Nutrition Infocenter

Special Diets

Mediterranean and Eskimo Diet

People living on the Greek island of Crete have very low rates of heart disease even though their diet is high in fat. Most of their dietary fat comes from olive oil, a monounsaturated fat that tends to lower levels of "bad" LDL-cholesterol and maintain levels of "good" HDL-cholesterol. The Inuit, or Eskimo, people of Alaska and Greenland also are relatively free of heart disease despite a high-fat, high-cholesterol diet. The staple food in their diet is fish rich in omega-3 polyunsaturated fatty acids. Some research has shown that omega-3 fatty acids, found in fish such as salmon and mackerel as well as in soybean and canola oil, lower both LDL-cholesterol and triglyceride levels in the blood. Some nutrition experts recommend eating fish once or twice a week to reduce heart disease risk. However, dietary supplements containing concentrated fish oil are not recommended because there is insufficient evidence that they are beneficial and little is known about their long-term effects.
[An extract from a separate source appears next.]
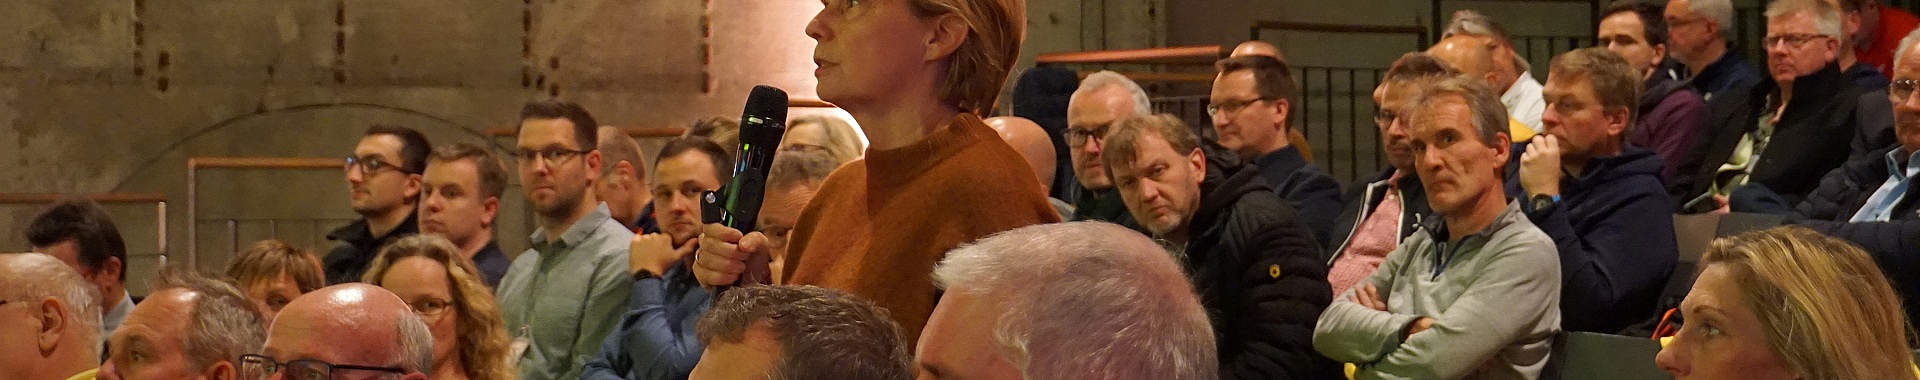 Eine Frau steht mit Mikrofon in einer sitzenden Zuschauermenge und spricht.

Omega-6 polyunsaturated fatty acids have also been found in some studies to reduce both LDL- and HDL-cholesterol levels in the blood. Linoleic acid, an essential nutrient (one that the body cannot make for itself) and a component of corn, soybean and safflower oil, is an omega-6 fatty acid. At one time, many nutrition experts recommended increasing consumption of monounsaturated and polyunsaturated fats because of their cholesterol-lowering effects. Now, however, the advice is simply to reduce dietary intake of all types of fat. (Infants and young children, however, should not restrict dietary fat.)